# What you will do:
Without the images, repeat every line of the listing verbatim.

# Input data:

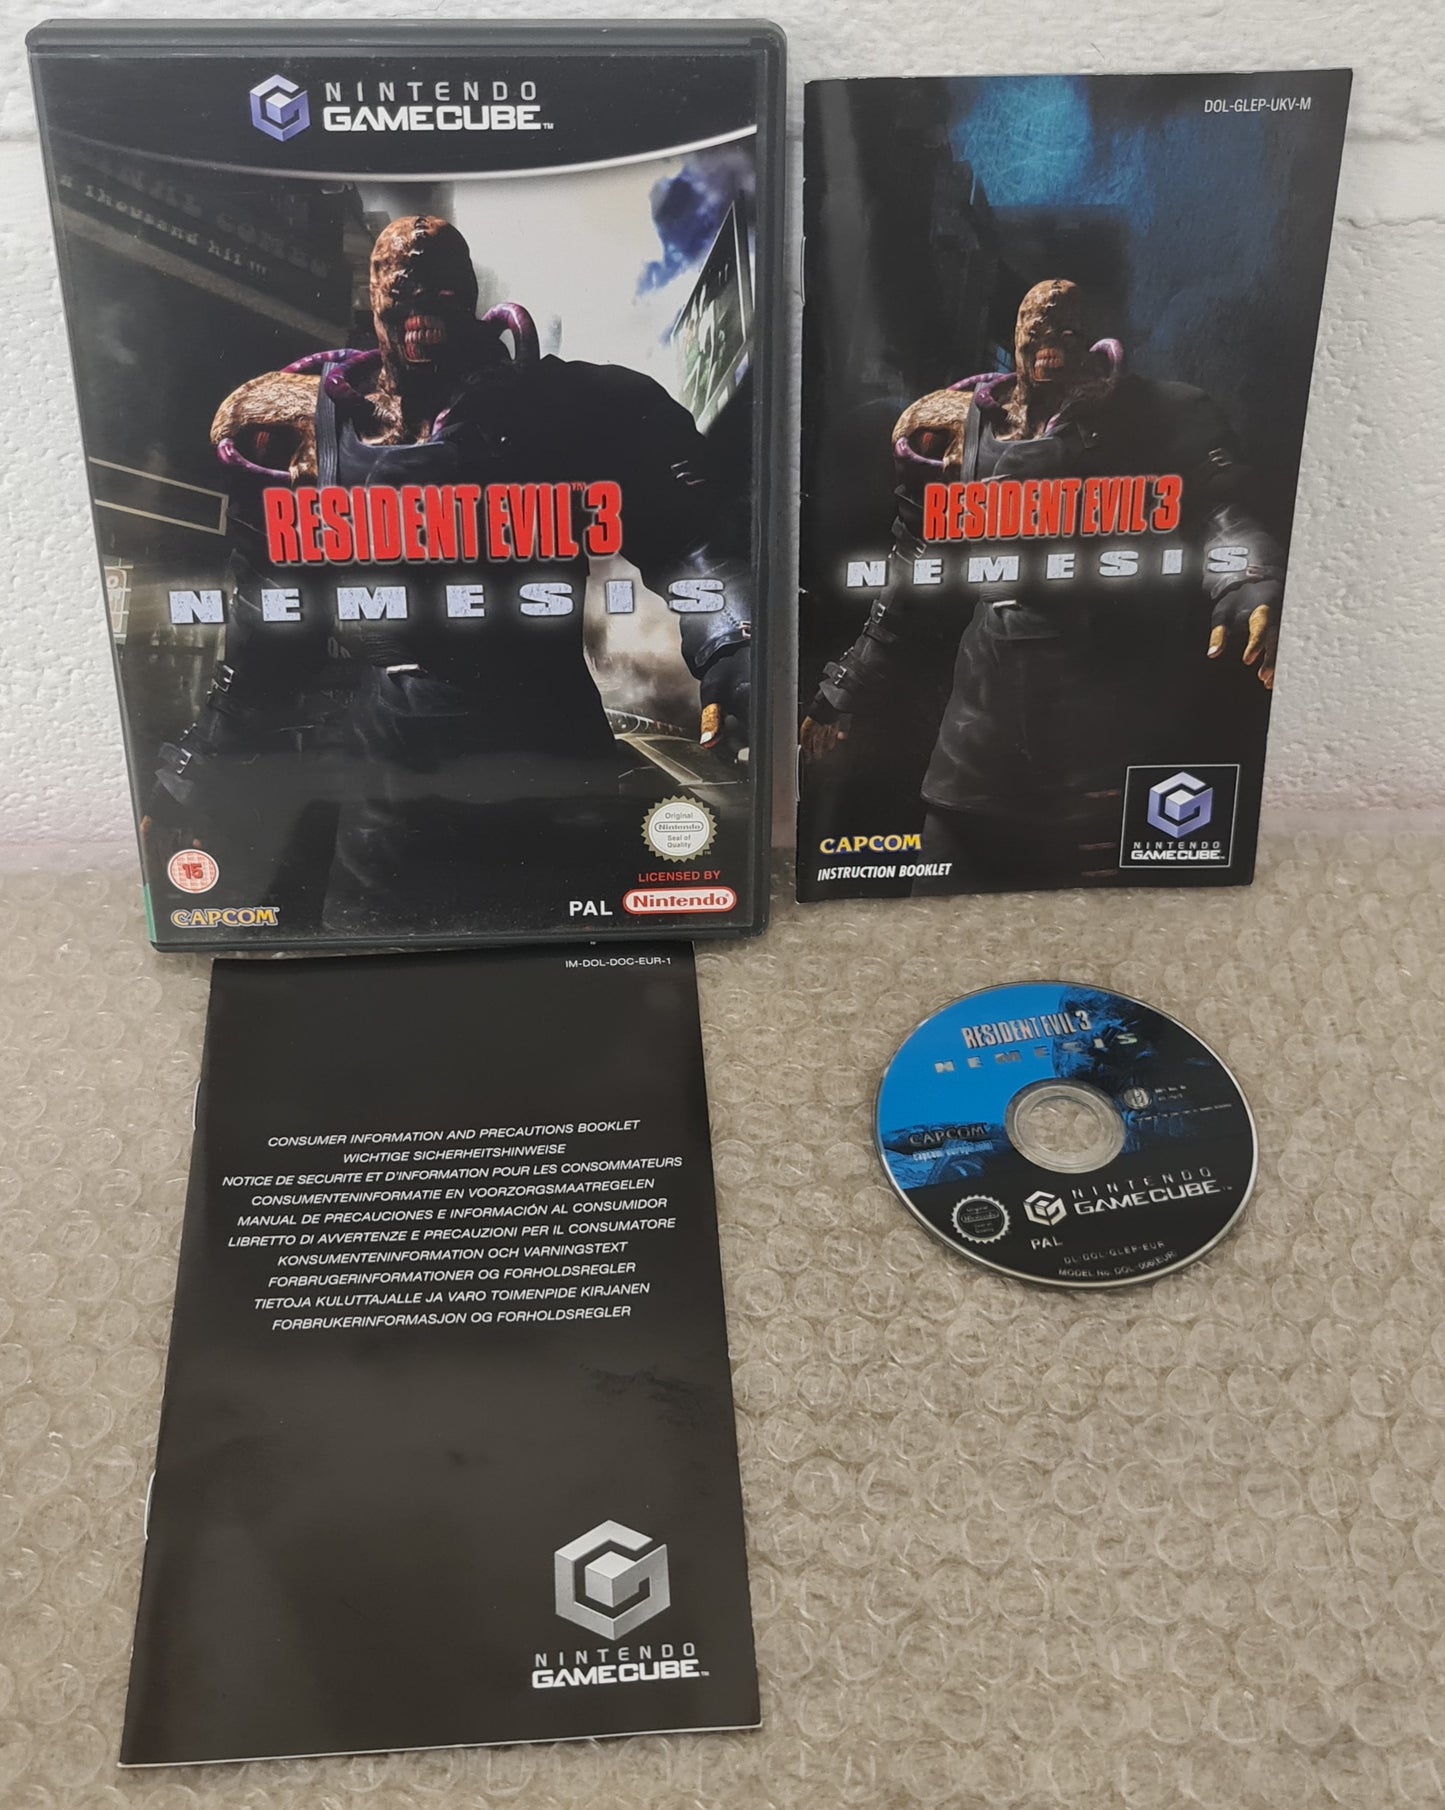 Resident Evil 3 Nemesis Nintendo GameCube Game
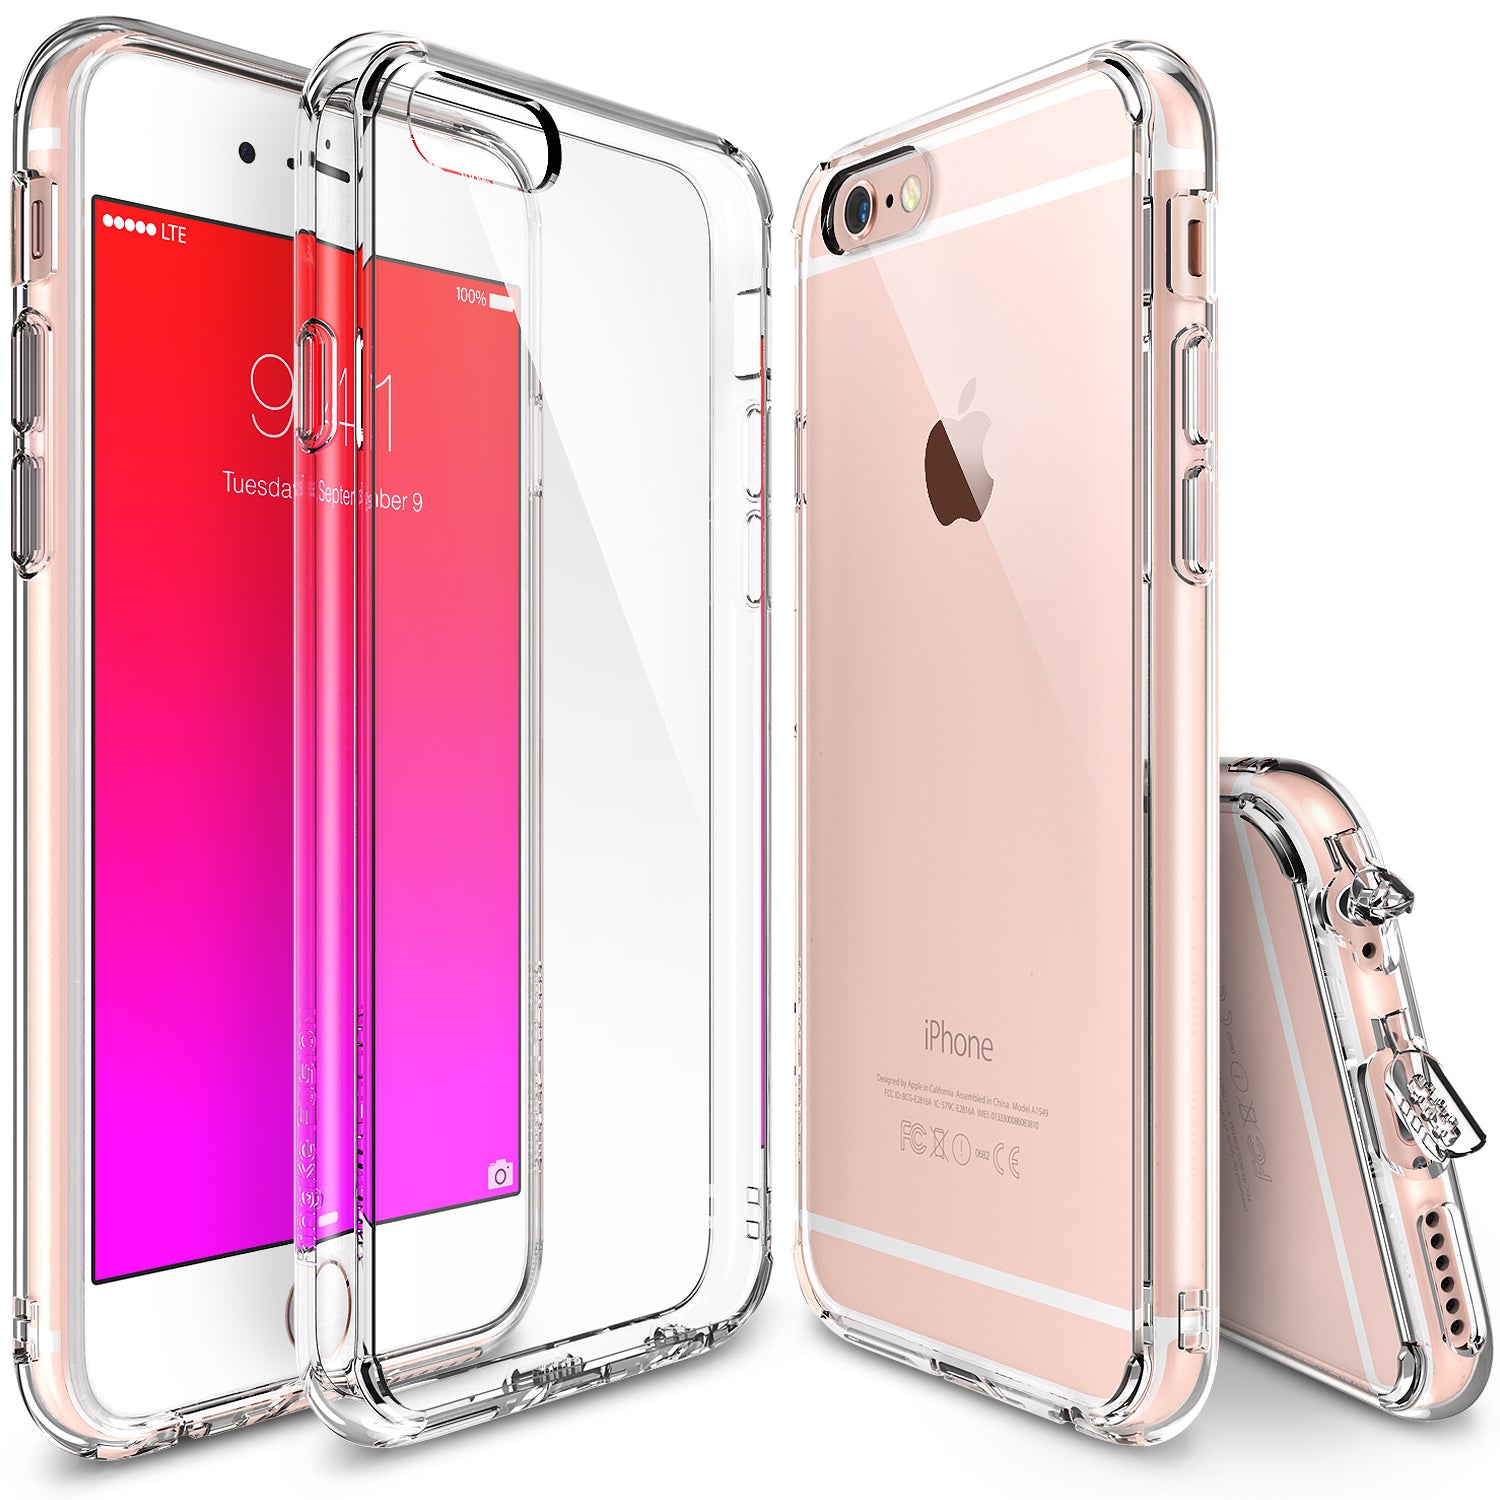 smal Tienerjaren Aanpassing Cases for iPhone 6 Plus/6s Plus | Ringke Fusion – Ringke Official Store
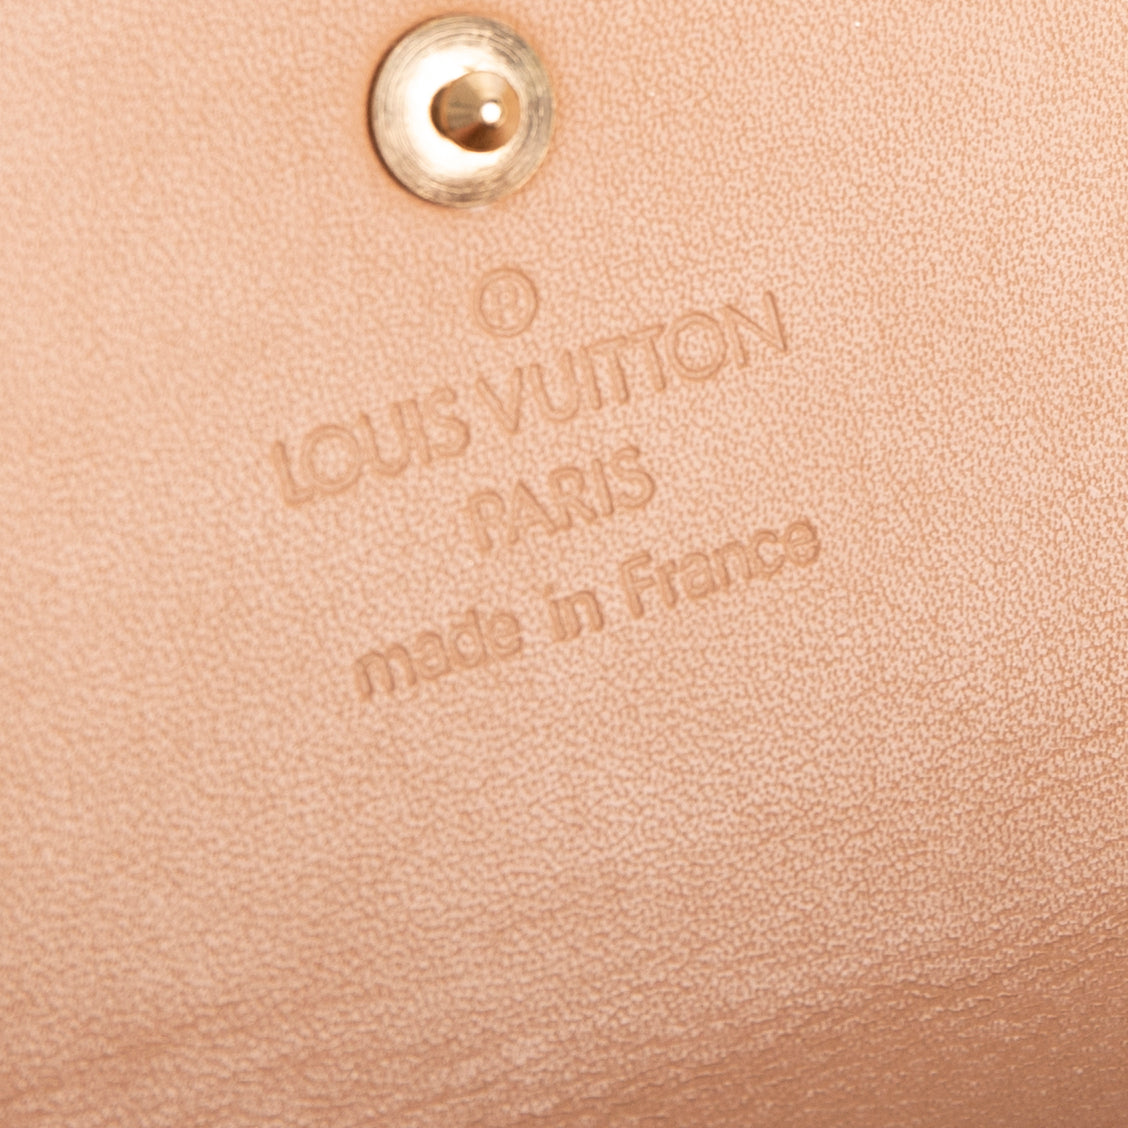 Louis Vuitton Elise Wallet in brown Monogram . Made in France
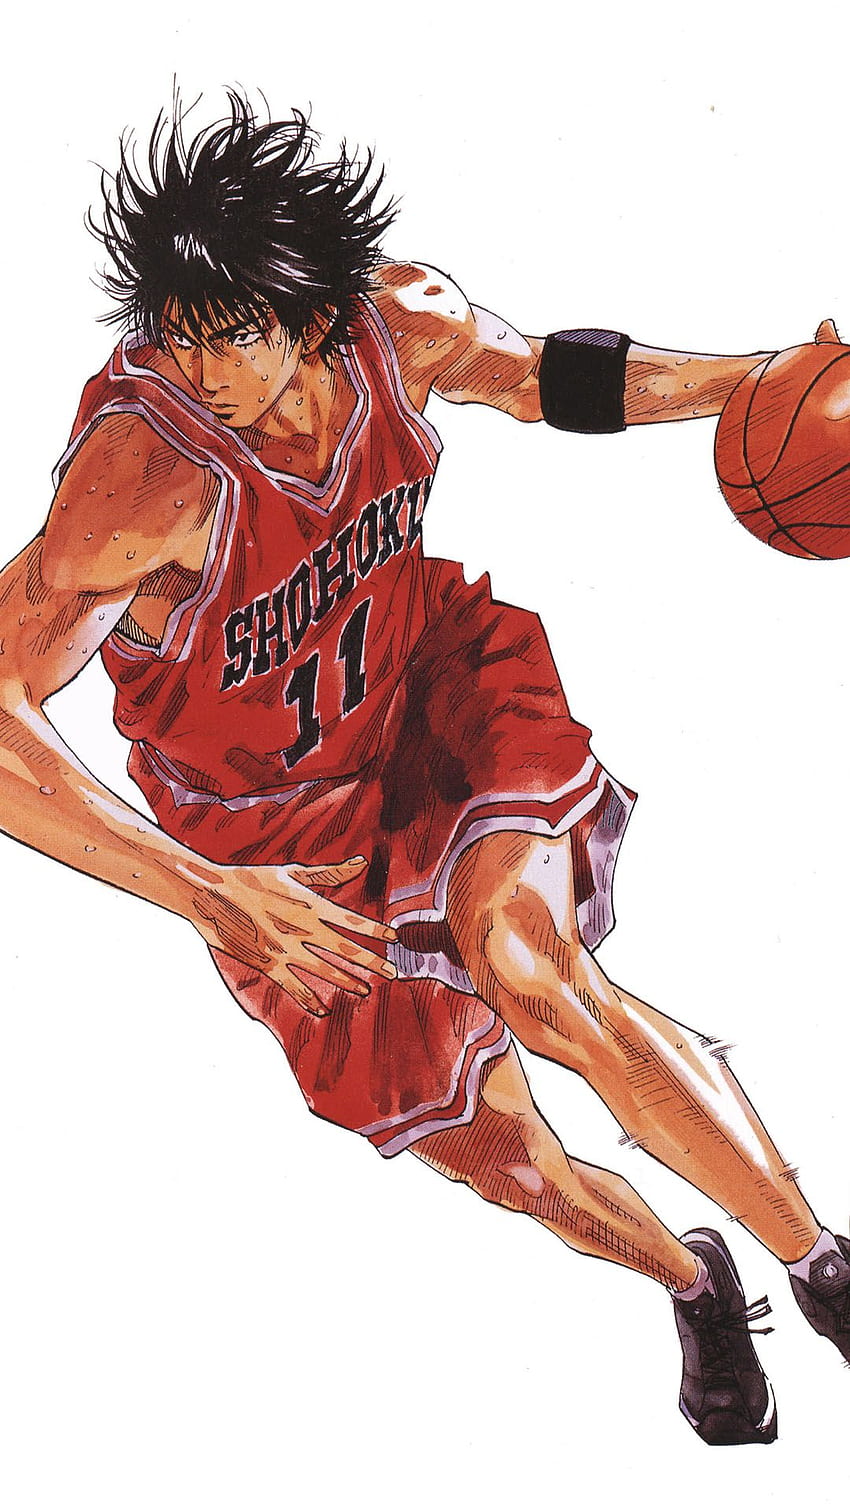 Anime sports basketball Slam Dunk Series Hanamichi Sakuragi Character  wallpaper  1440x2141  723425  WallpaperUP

# Response:
 Resident Evil 3 Nemesis Nintendo GameCube Game
 smal Tienerjaren Aanpassing Cases for iPhone 6 Plus/6s Plus | Ringke Fusion – Ringke Official Store
 Louis Vuitton Elise Wallet in brown Monogram . Made in France
 Anime sports basketball Slam Dunk Series Hanamichi Sakuragi Character  wallpaper  1440x2141  723425  WallpaperUP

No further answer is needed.